Зима прекращает все. Зеила остается в избе, не ходит на ключ, не моет волос и никогда не поет своей песни. Тиха, покорна, трудолюбива, она с утра до вечера занимается делом и даже самыми тяжелыми работами; по наружности казалось бы, что она спокойна, но ужасная сухощавость, смертная бледность, всегда потупленный взор и беспрестанное молчание показывают невыразимую тяжесть сердечных мук и близкий конец жизни. Тщетно все женщины, на руках которых она выросла и которые любили ее почти более своих собственных детей, тщетно старались не допускать ее к тяжелым работам: не было на это средства, и они наконец, несмотря на свою простоту, поняли, что терзания души ее превзойдут меру, если она останется хоть на один день в праздности, поняли, что беспрерывное занятие для нее необходимо, и дали ей волю поступать, как она хочет. В первые дни после ее грустного выздоровления они хотели было утешить ее, разговорить, заставить сказать хотя одно слово. «Да успокойся, Зеила, дитя наше! — говорили они, плача и обнимая ее. — Бесценное дитя наше! Скажи нам что-нибудь! Скажи нам, что у тебя болит? Что тебе надобно? Скажи нам хоть слово, дай нам, ради бога, услышать голос твой! Послушайся же нас, Зеила, не мучь так бедных матерей своих!..» Все было бесполезно. На их ласки, слова и плач Зеила отвечала молчанием, томным взором и тем, что прилегала на грудь той из них, которая сидела к ней ближе; последнее делала она машинально, по какому-то темному воспоминанию детской привязанности, которую имела ко всем женщинам деревни, ее воспитавшим, но приметно было, что теперь она не узнавала ни одной из них. Ужасное состояние! Приближение весны делало в ней ощутительную перемену. Глаза и все черты лица оживлялись, наружное спокойствие исчезало; она была в беспрерывном волнении и каком-то нетерпеливом ожидании. На лице ее изображалось иногда чувство радости, кроткого веселья, уверенности в счастии (увы! навсегда минувшем!). Но вдруг вся физиономия ее изменялась; испуг и страдание рисовались в глазах ее и во всех чертах лица — страдание, столь жестокое, что женщины, сидевшие с нею, ломая руки, убегали прочь…

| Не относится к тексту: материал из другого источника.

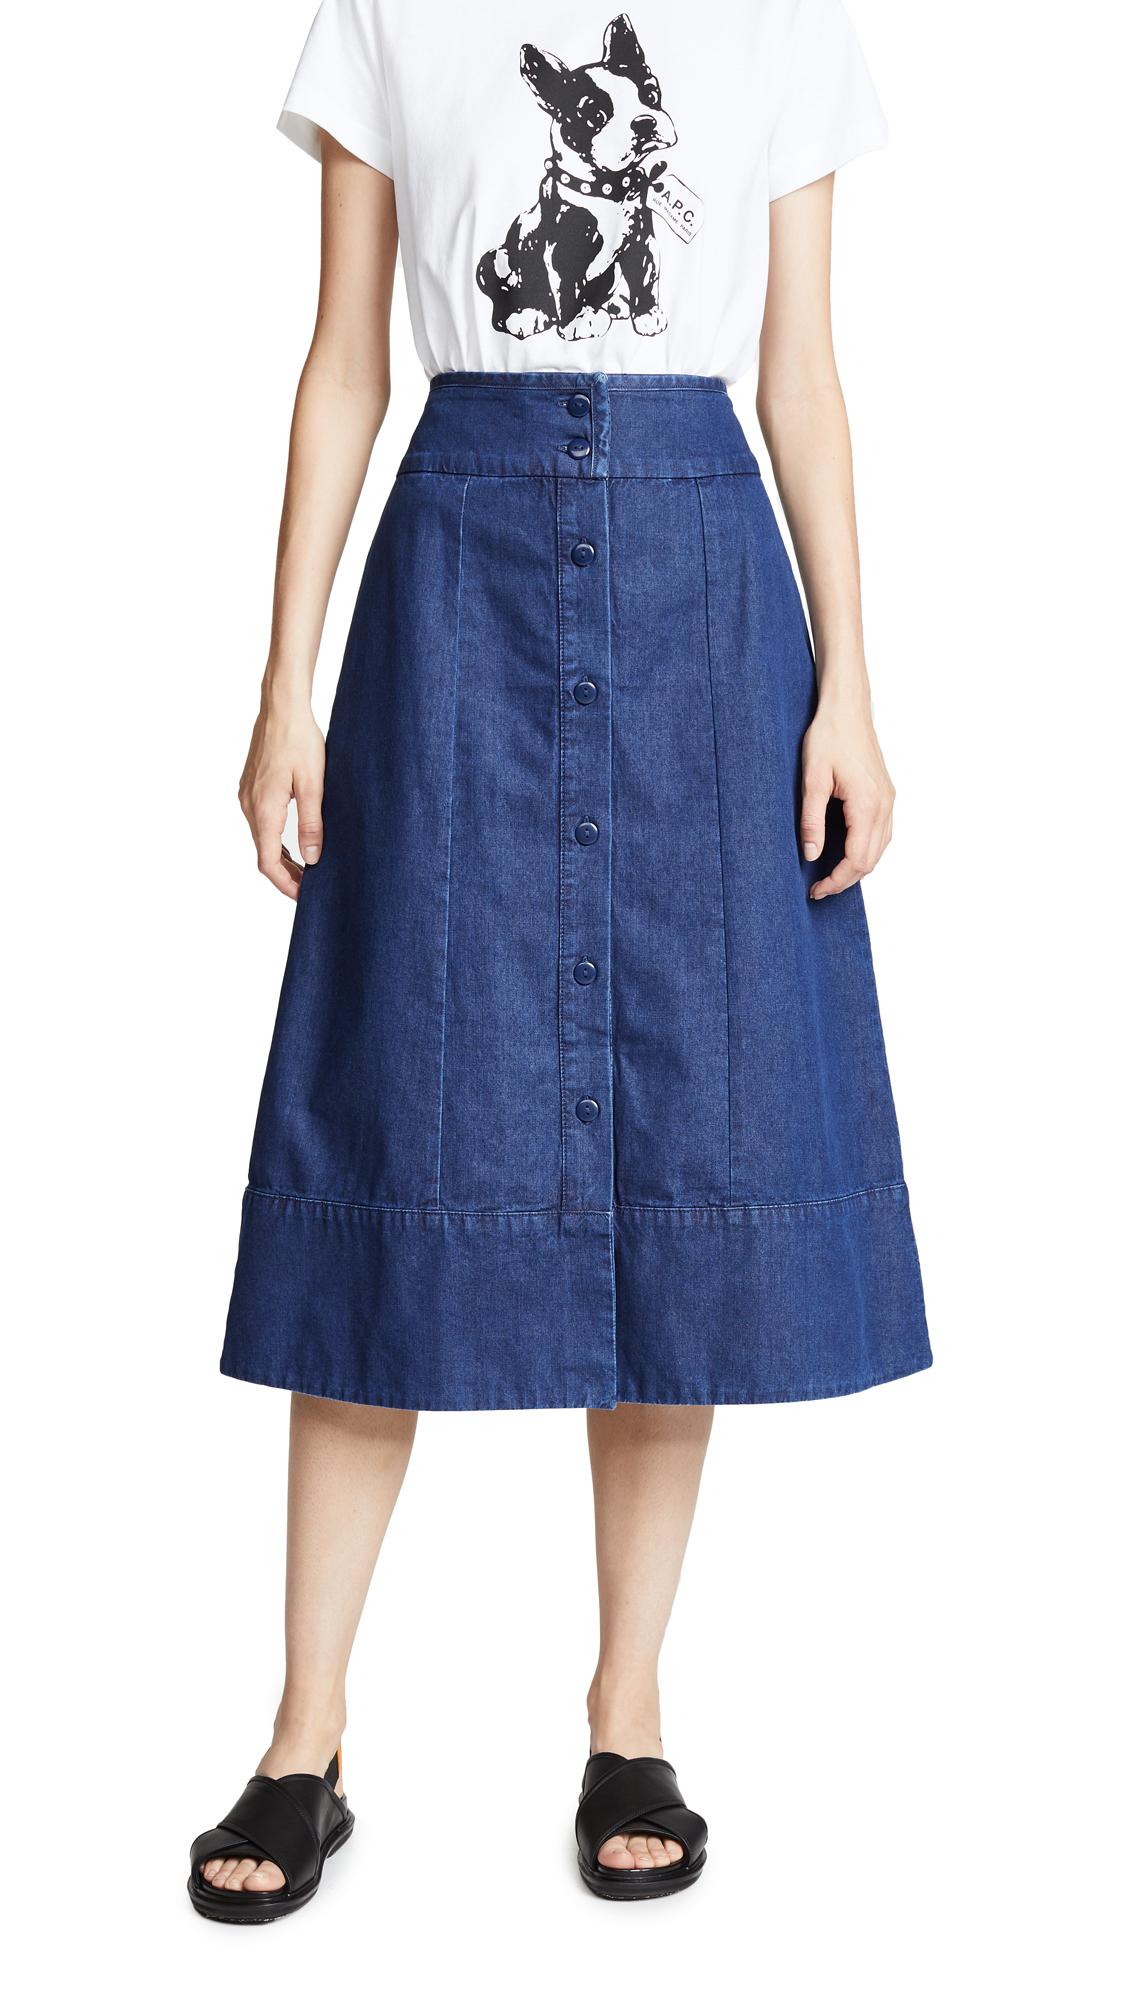 A.P.C. Knight Skirt In Indigo

— Боже мой! Вы растерзали мое сердце вашею повестью, но продолжайте, продолжайте, прошу вас, будьте так милостивы и немилостивы вместе!

— Повесть моя приходит к концу. В помешательстве Зеилы было еще одно замечательное обстоятельство. Хотя она зимою никогда не пела своей песни, но всегда болезненно вздрагивала, если слышала кого-нибудь поющего.

— Неужели имел кто-нибудь бесчеловечье петь при ней те слова, которыми она оплакивала свое несчастье?